_WORK ORDER_
Within the listing that follows, reproduce exactly the lines starting at the line with "Adagio from Brandenburg" and ending at the line with "Proaim SnapRig Arca-Type", inclusive, and only those. Pictures are dropped.

_EXERCISE DATA_
-------
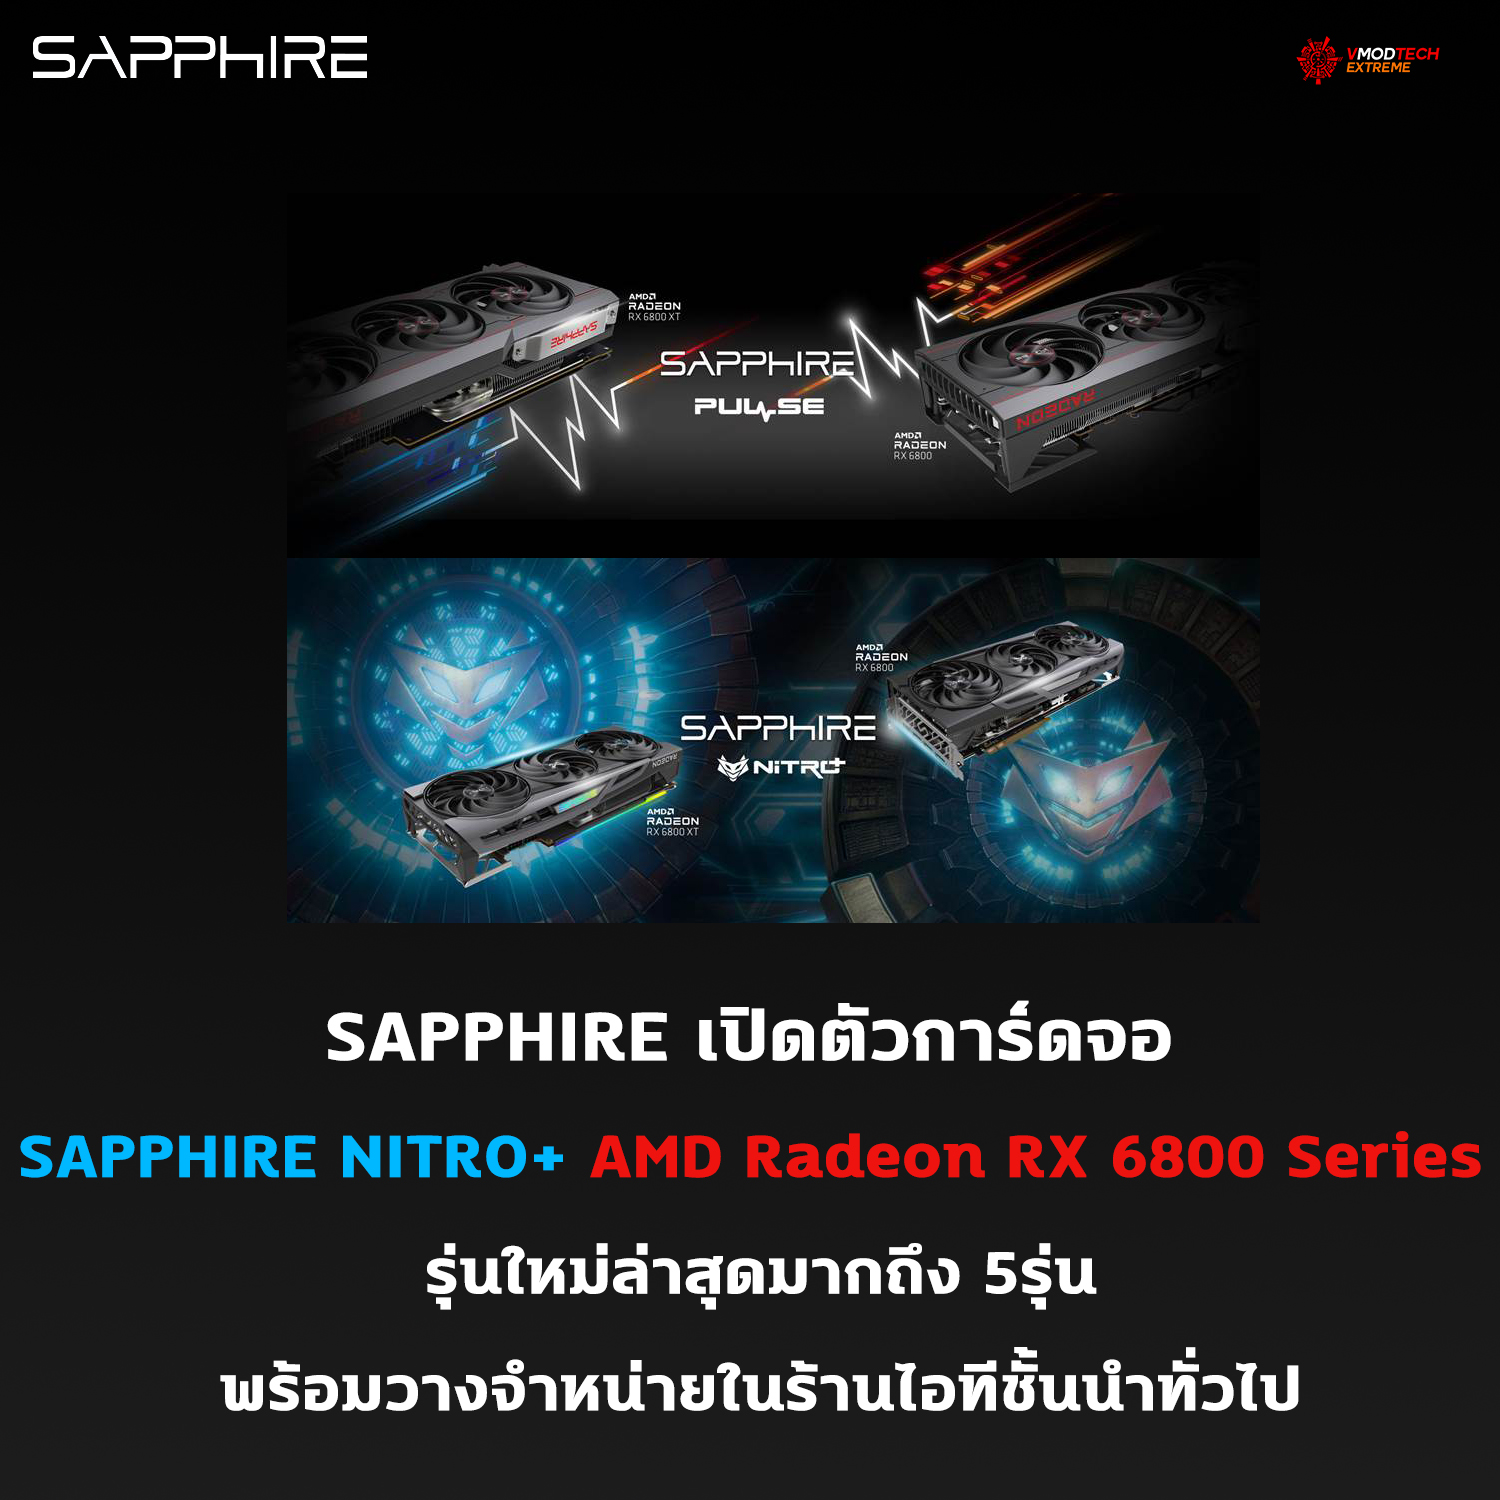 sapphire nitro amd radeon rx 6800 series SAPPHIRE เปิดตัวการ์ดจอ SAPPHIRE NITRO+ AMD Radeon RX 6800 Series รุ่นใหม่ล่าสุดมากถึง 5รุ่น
-------
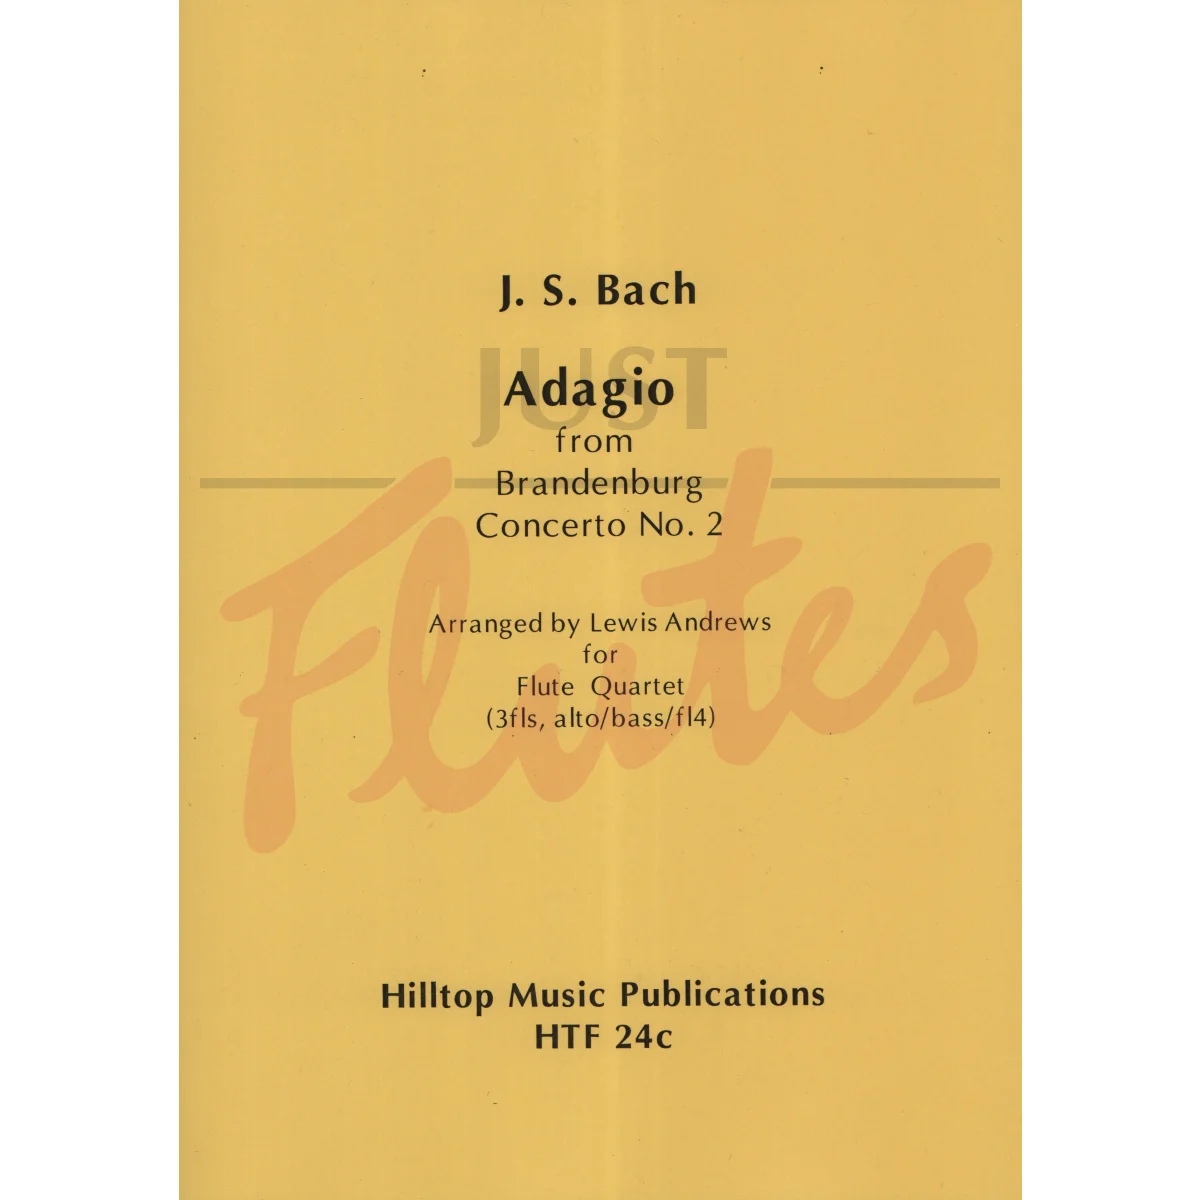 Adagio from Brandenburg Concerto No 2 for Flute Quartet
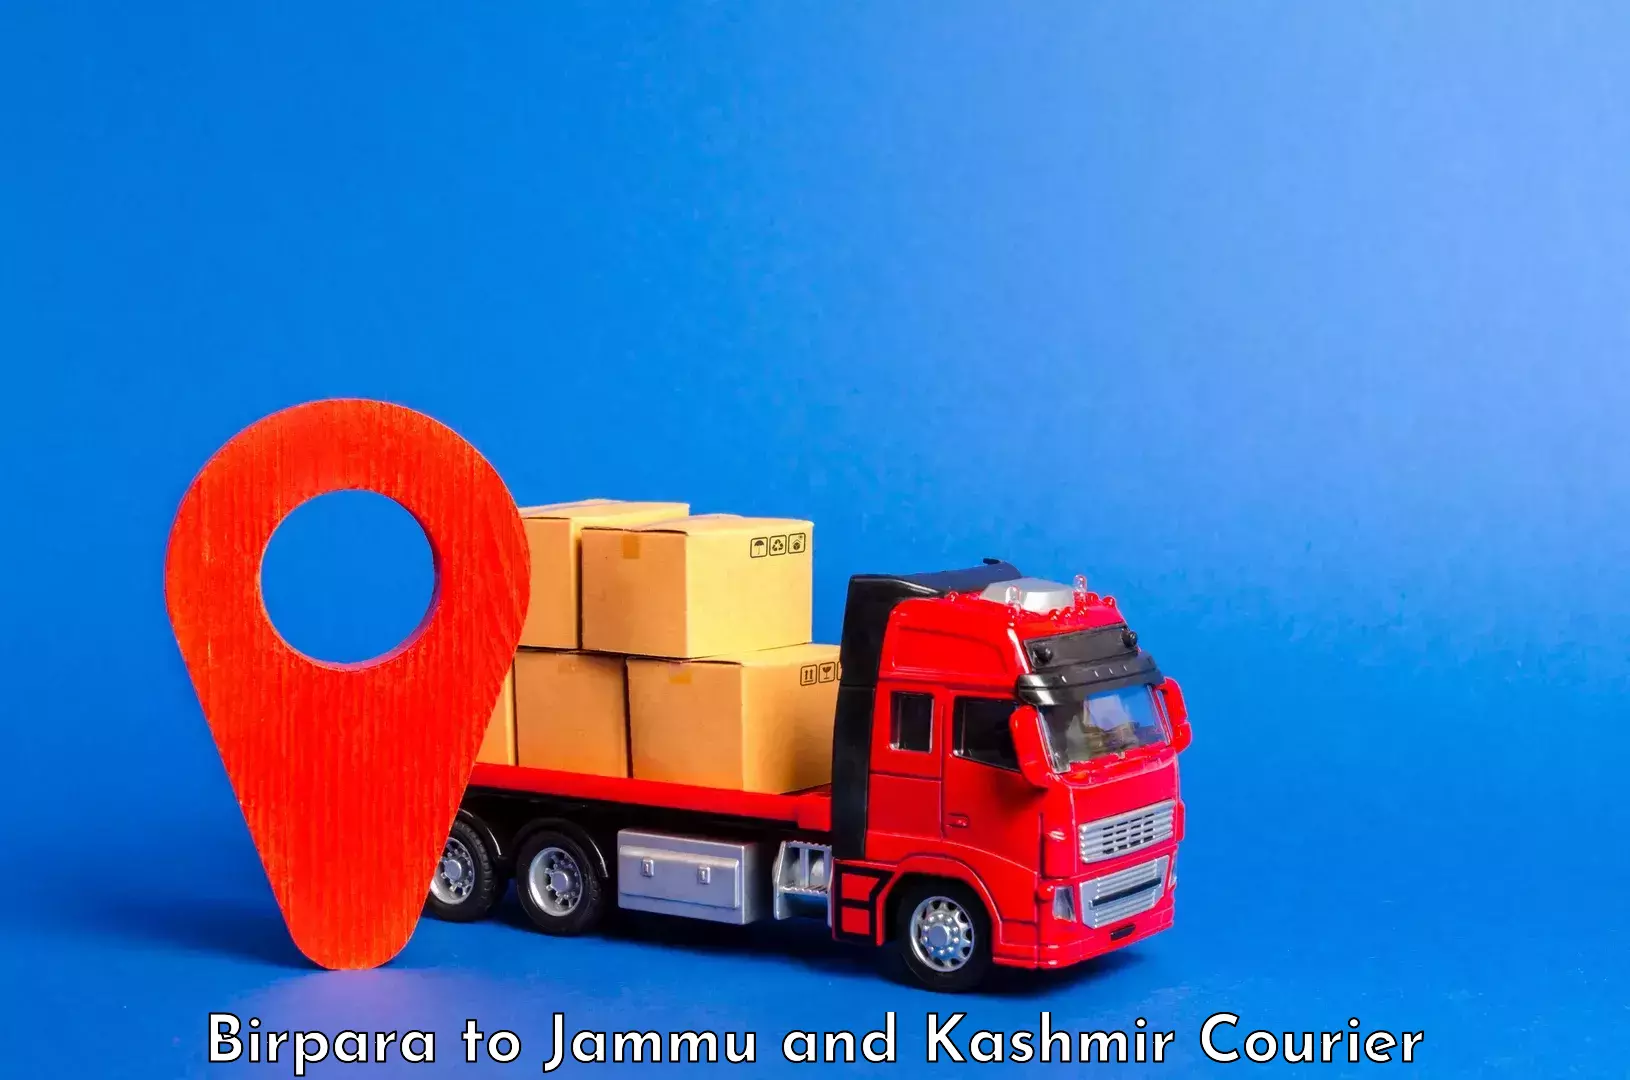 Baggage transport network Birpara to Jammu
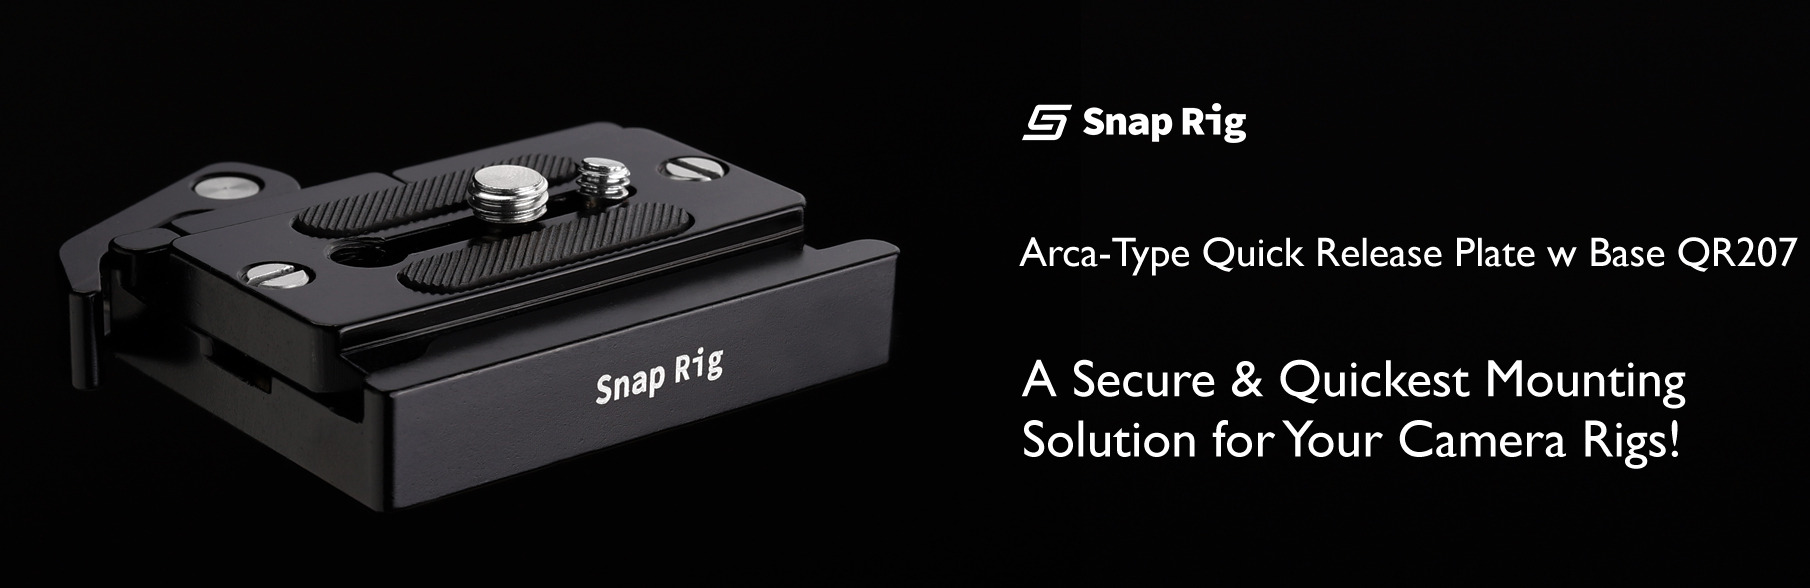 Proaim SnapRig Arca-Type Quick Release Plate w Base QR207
-------
_SOLUTION TO THIS PROBLEM_
 Adagio from Brandenburg Concerto No 2 for Flute Quartet
 Baggage transport network Birpara to Jammu
 Proaim SnapRig Arca-Type Quick Release Plate w Base QR207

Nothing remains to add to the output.